My own experience in Rimbang Baling was set up by Biosphere Expeditions. They specialise in conservation-based trips, often working together with a local partner, in this case WWW-Indonesia. Matthias Hammer, founder of Biosphere says, “The market splits itself into two segments: one is gap year – young people – and the other is adults with jobs who want to dip their toe in, to ‘give back’.”

They all face a challenge in choosing an organisation with an approach that optimises the impact of their skills and commitment. Hammer says they often get enquiries from people who have done trips with other groups. “Sometimes they say it was brilliant because the scientist was very good, but often they say ‘I would never go again because I wasn’t really needed, I didn’t understand the contribution I was making, they were just after my money.’” Dismayed by the misinformation out there, Biosphere offers its own top 10 tips for would-be volunteers. “For me it’s visceral,” Hammer says.

“We are not a company, we are a non-profit. That’s right at the top of the 10 tips: look at what set-up they have. Are they a non-profit? Do they publish their results? Is the website full of people cuddling animals which you shouldn’t do? Are they transparent, do they show where the money goes?” With many voluntourism projects costing £1,000 a week, the money can be transformative if enough of it is passed on. But don’t be fooled by a high price tag.

In early 2014, a study by Leeds Metropolitan University, published in the Journal of Sustainable Tourism, looked at comparable volunteer tourism products on a price-per-day basis, and found that the more expensive the product, the less it communicated about its responsibility. The lead author of the study, Victoria Smith, also cautioned that being a non-profit is no guarantee of the organisation’s integrity: “It cannot be assumed that a charity automatically demonstrates better practice, or that a for-profit business automatically is worse.

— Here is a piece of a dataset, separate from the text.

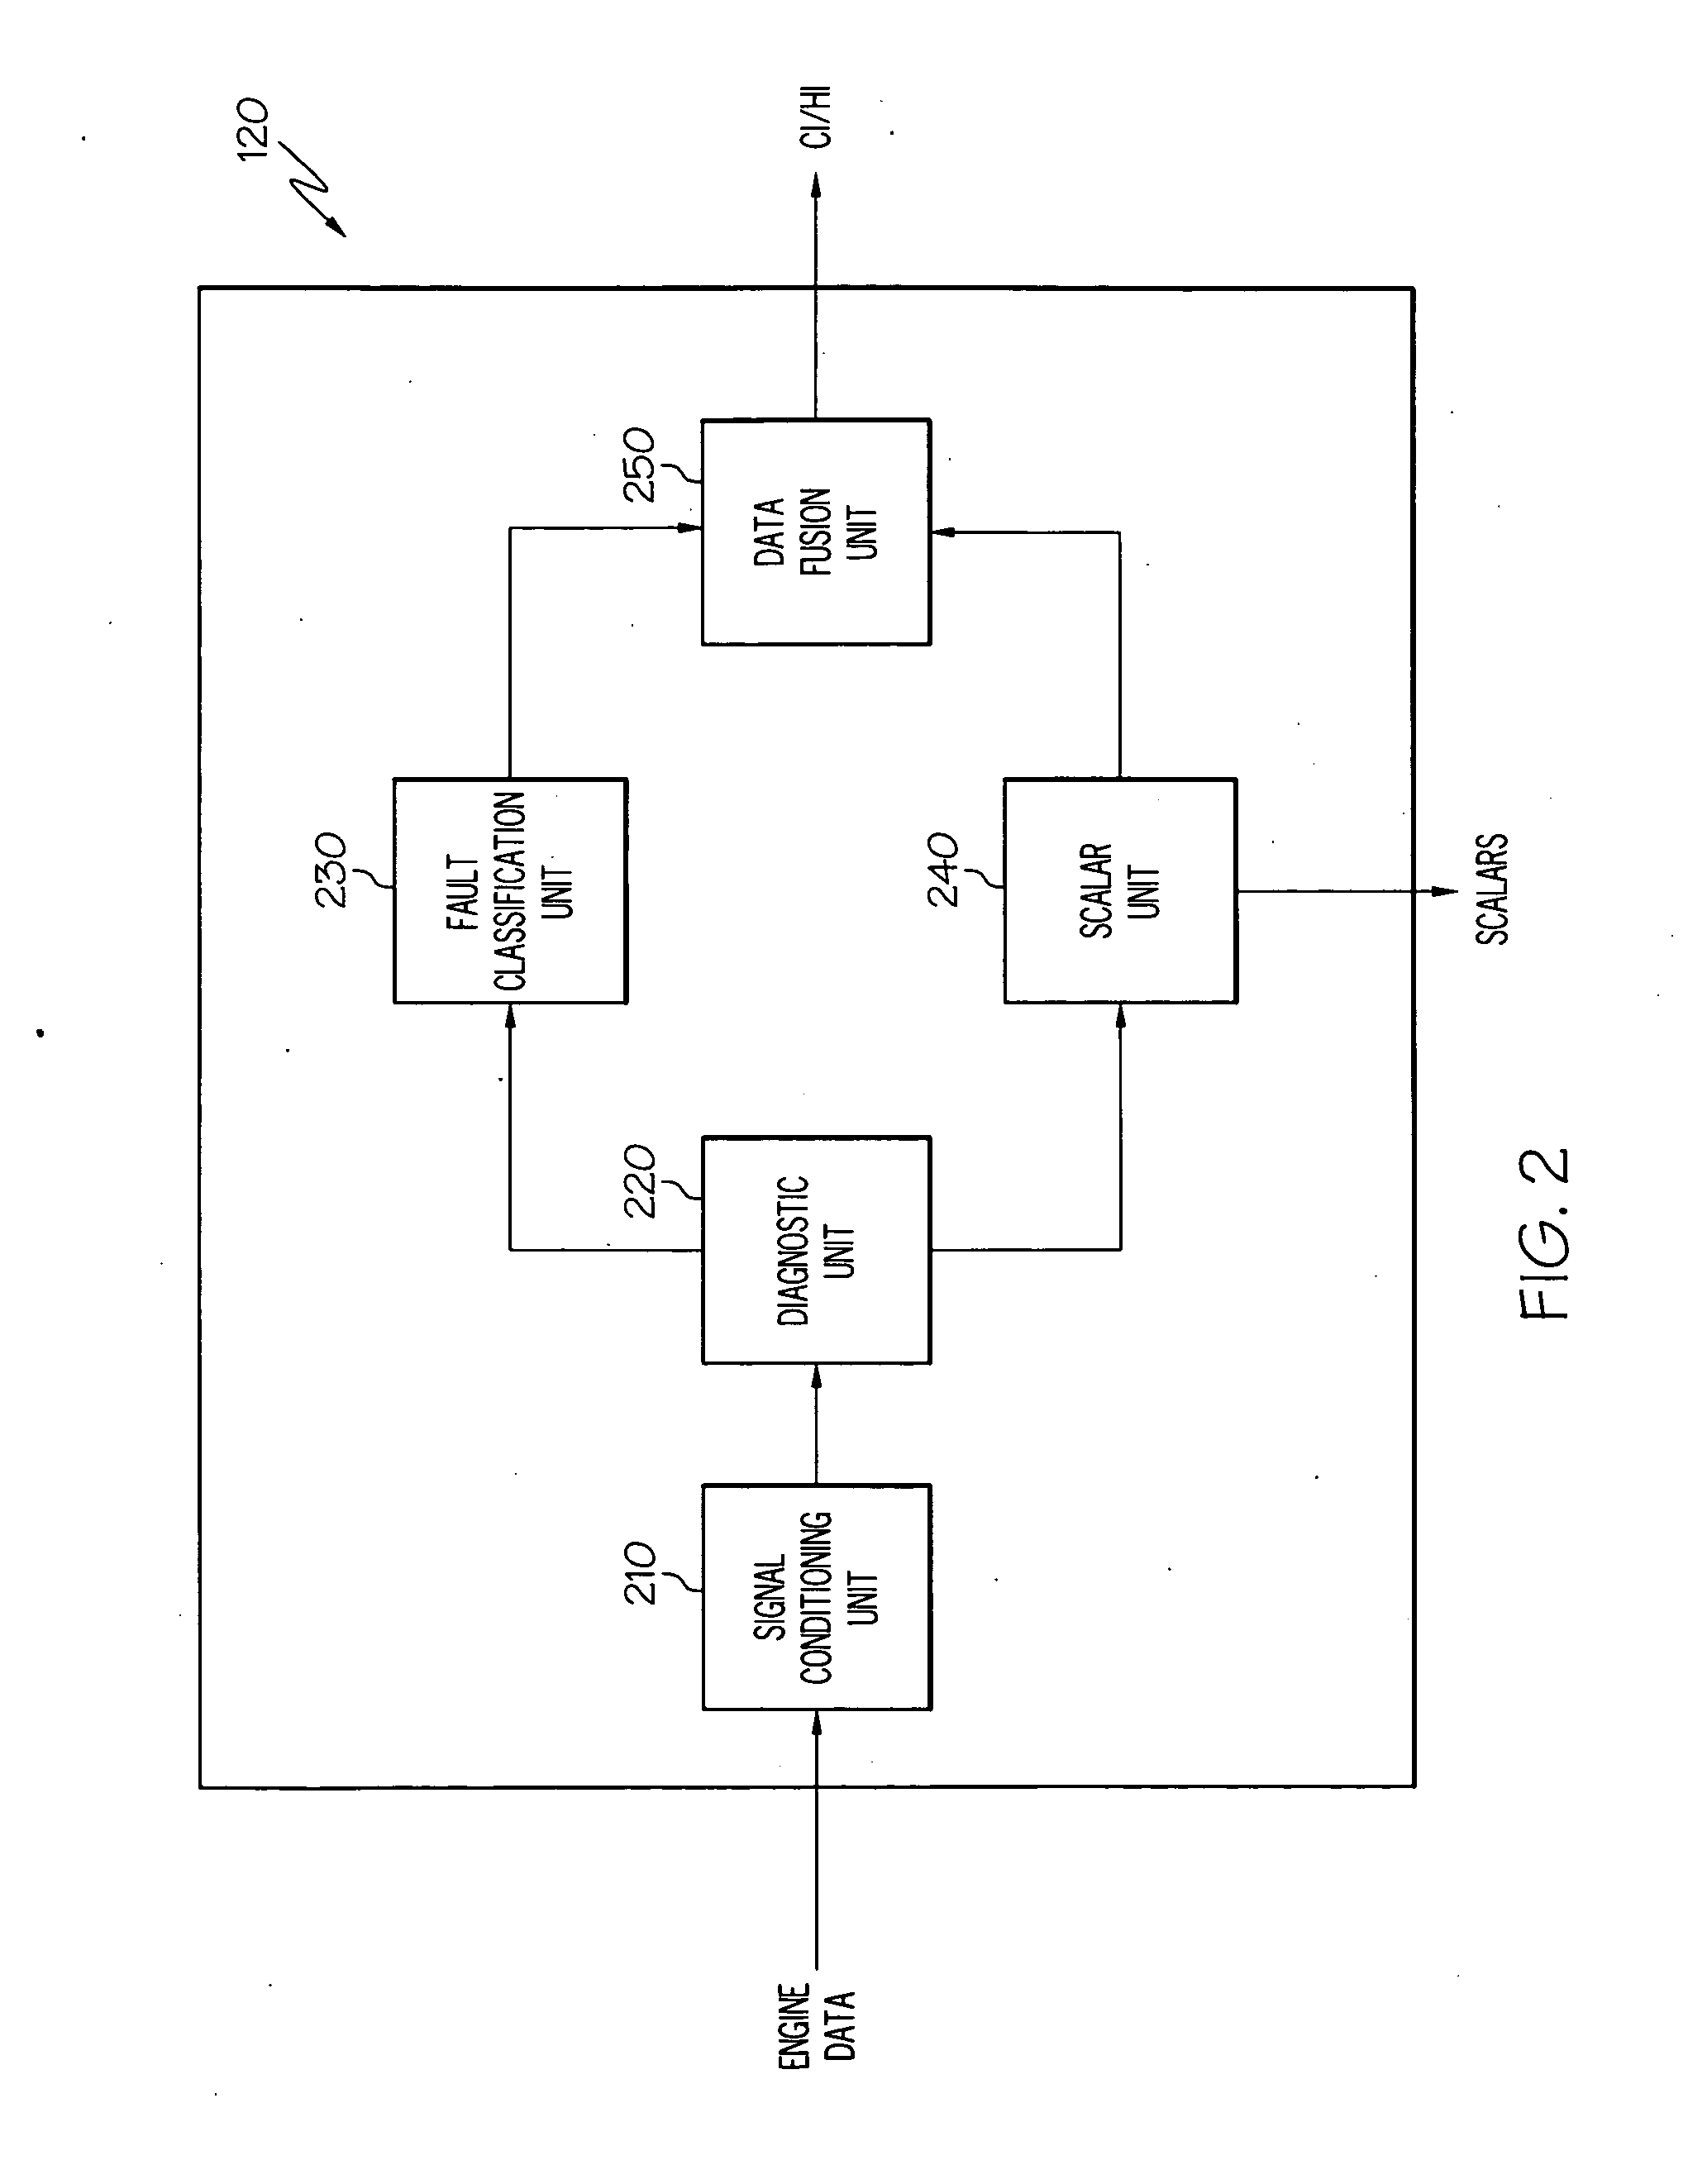 Operations support systems and methods with power management

The credibility that being an ethical business can bring in this market is strong, so organisations like to portray themselves that way, but it cannot be assumed they actually are.” As for the difference between voluntourism and pure volunteering, that is often, but not always, apparent in the length of commitment. Framing it as a form of ‘travel’, albeit a working holiday, usually implies a period of days or weeks, rather than months.

To its critics, this is one of voluntourism’s biggest failings: that the commitment is too short, that it is too much tourism and not enough volunteering, that is not much more useful than hanging your hotel towels back up or leaving your bed unchanged for a day or two.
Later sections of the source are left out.